WHAT YOU HAVE TO DO
Everything from the line containing "apartman-pernink-exterier" through the line containing "BEST OF イケメン!!男目線のガチSEX" in the listing below should be copied exactly, and nothing more.

GIVEN DATA
---+---

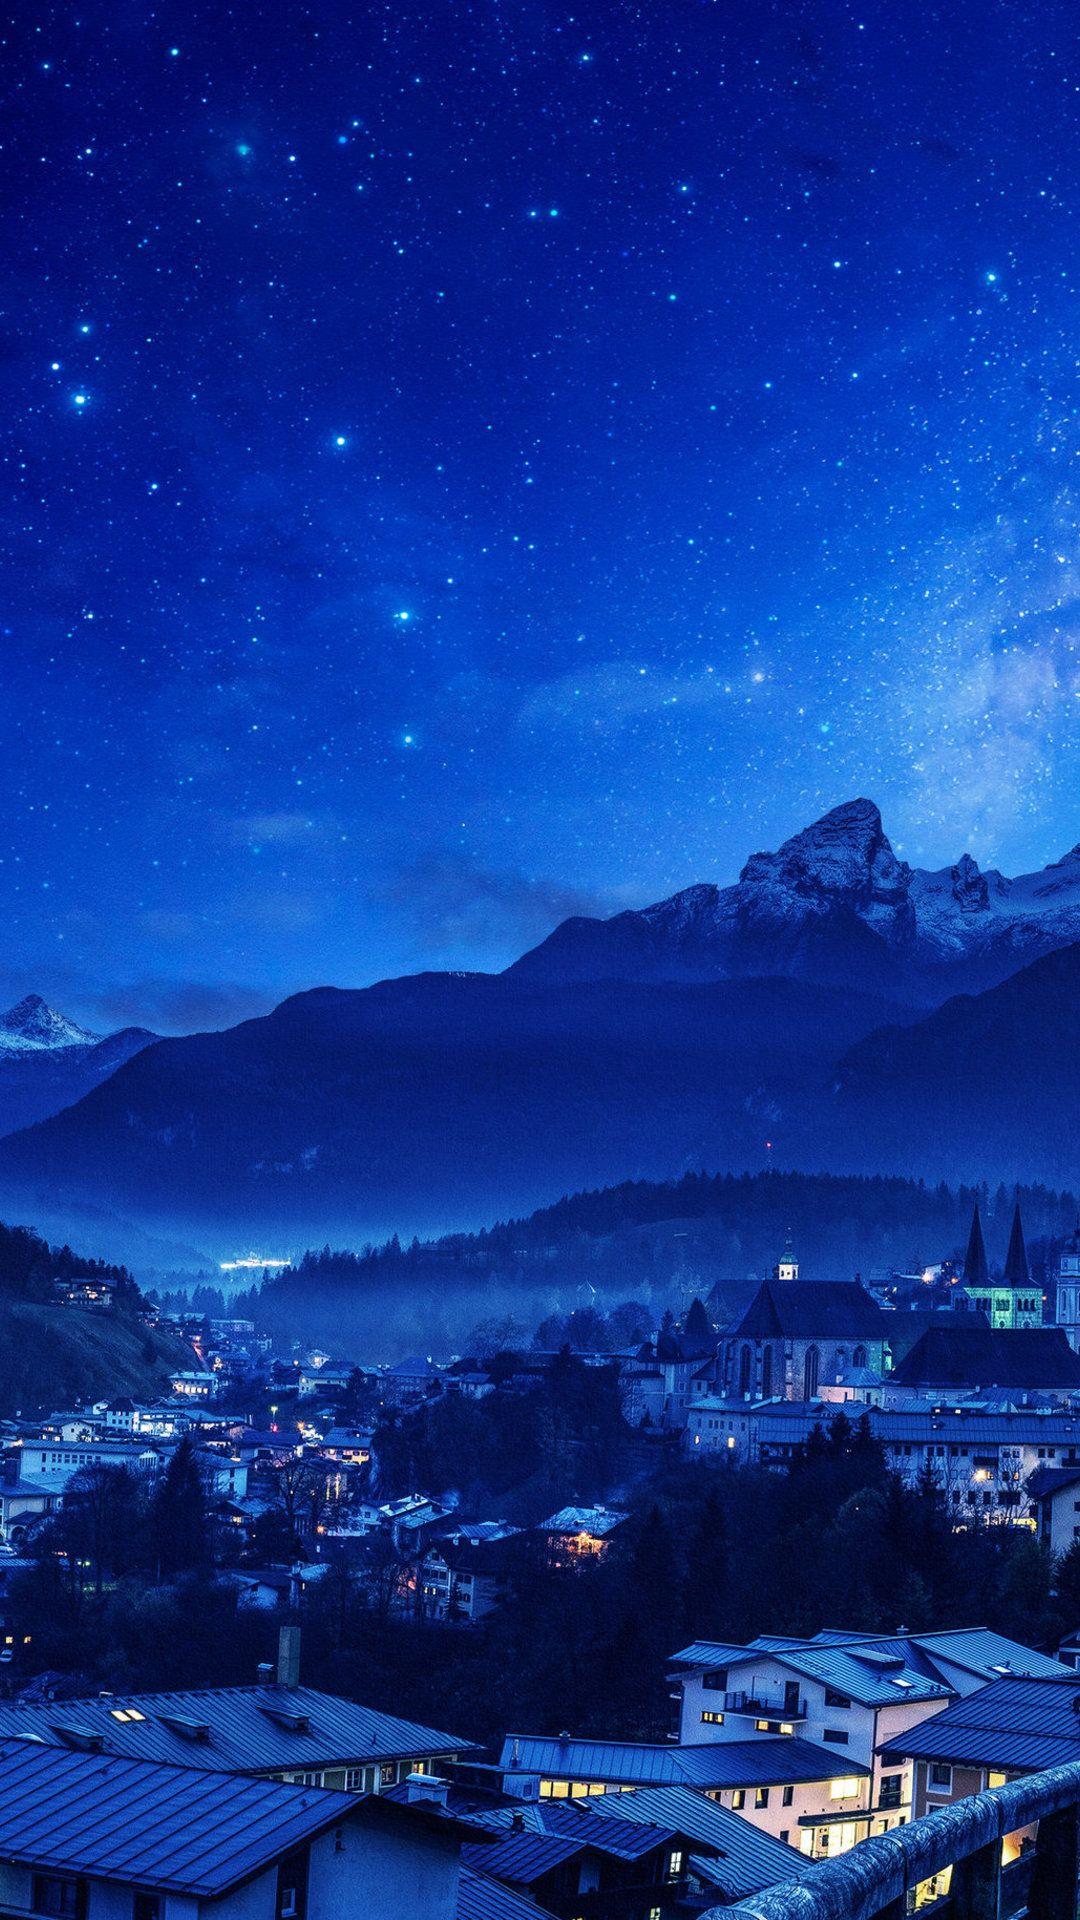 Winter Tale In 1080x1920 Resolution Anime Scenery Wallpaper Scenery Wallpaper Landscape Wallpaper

---+---

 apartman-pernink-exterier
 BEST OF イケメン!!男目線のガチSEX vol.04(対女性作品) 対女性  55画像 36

---+---

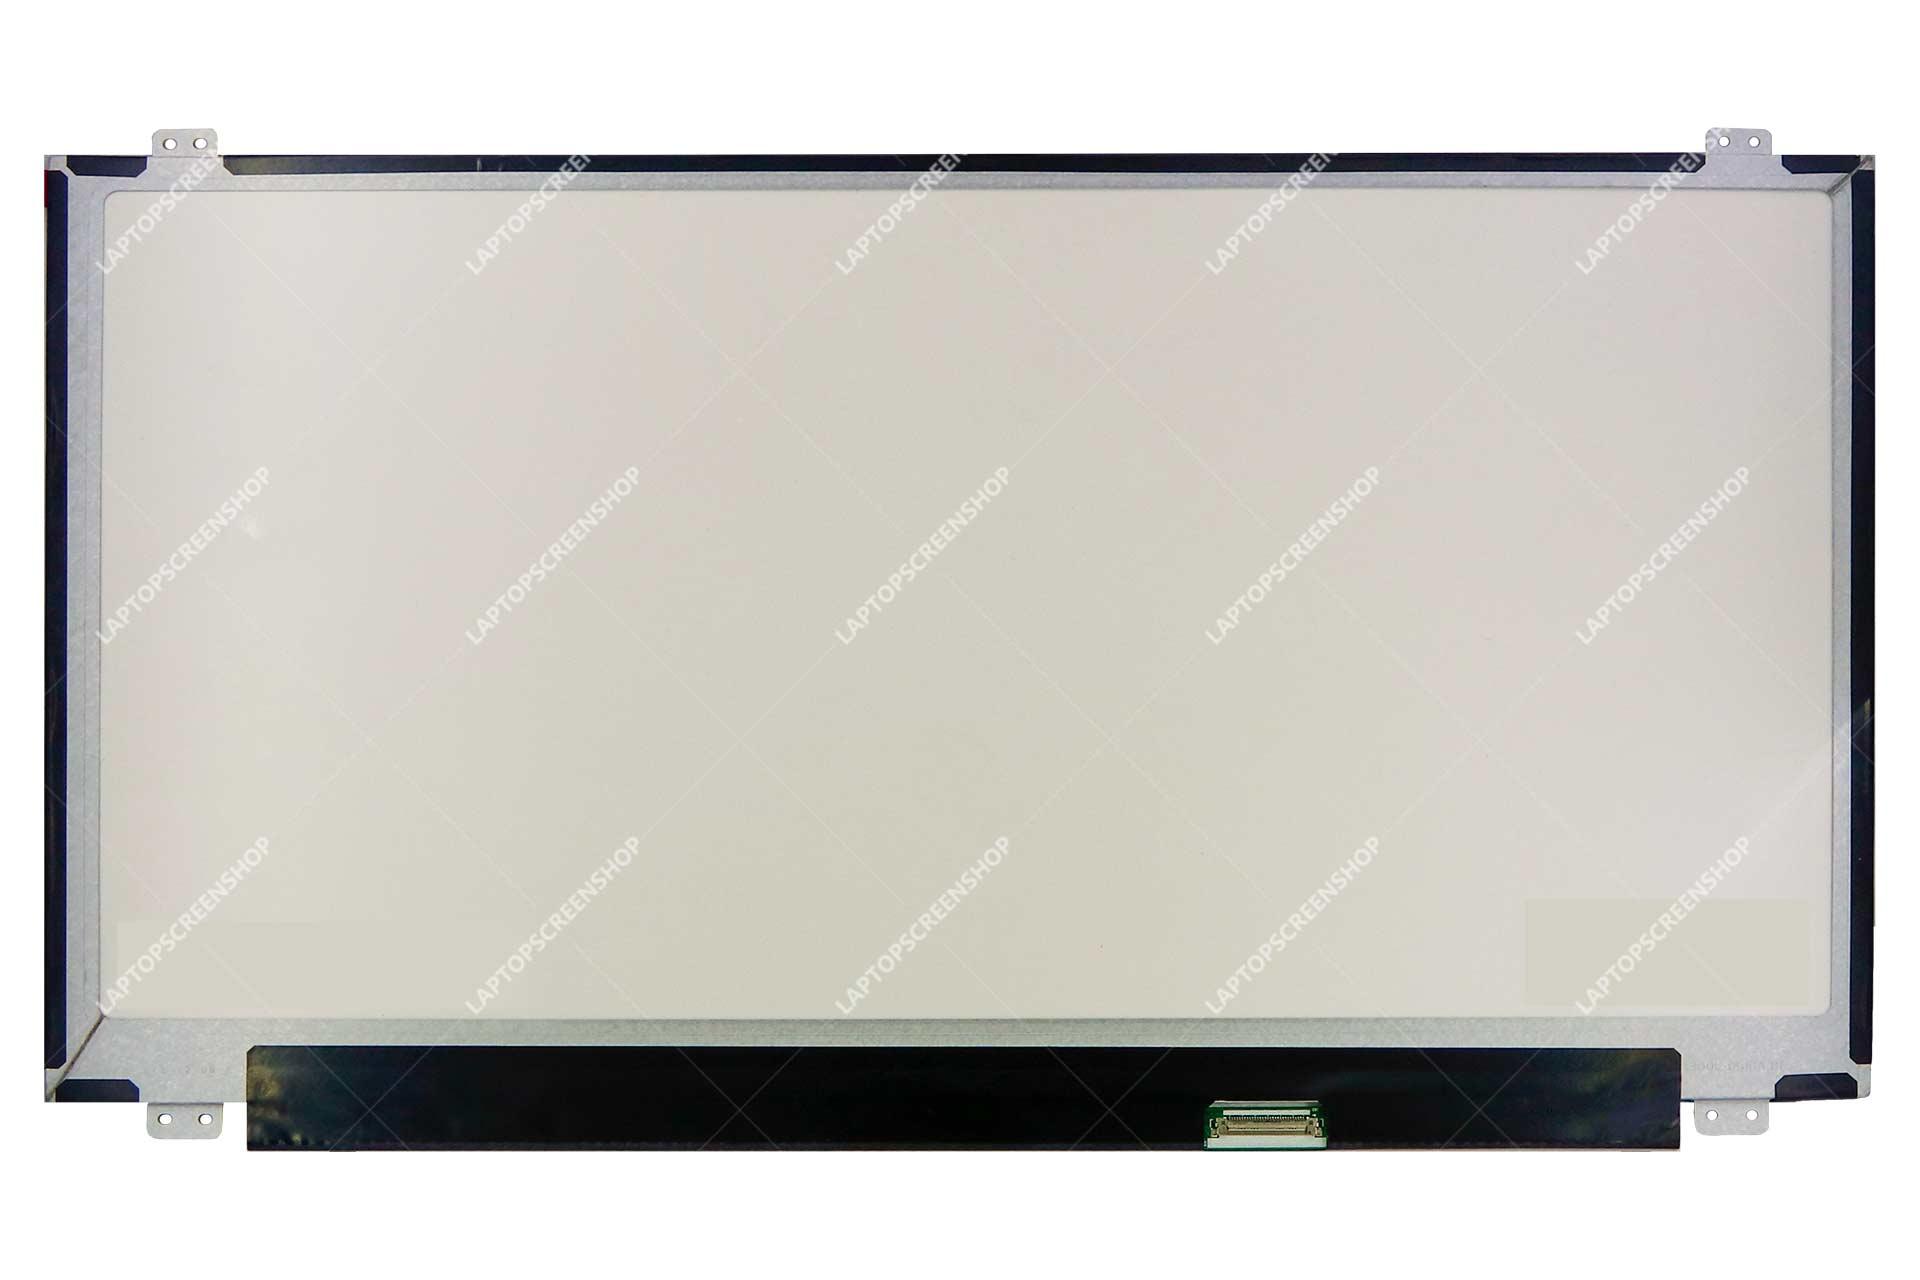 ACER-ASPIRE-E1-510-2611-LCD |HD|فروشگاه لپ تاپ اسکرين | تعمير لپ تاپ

---+---

PROBLEM SOLUTION
 apartman-pernink-exterier
 BEST OF イケメン!!男目線のガチSEX vol.04(対女性作品) 対女性  55画像 36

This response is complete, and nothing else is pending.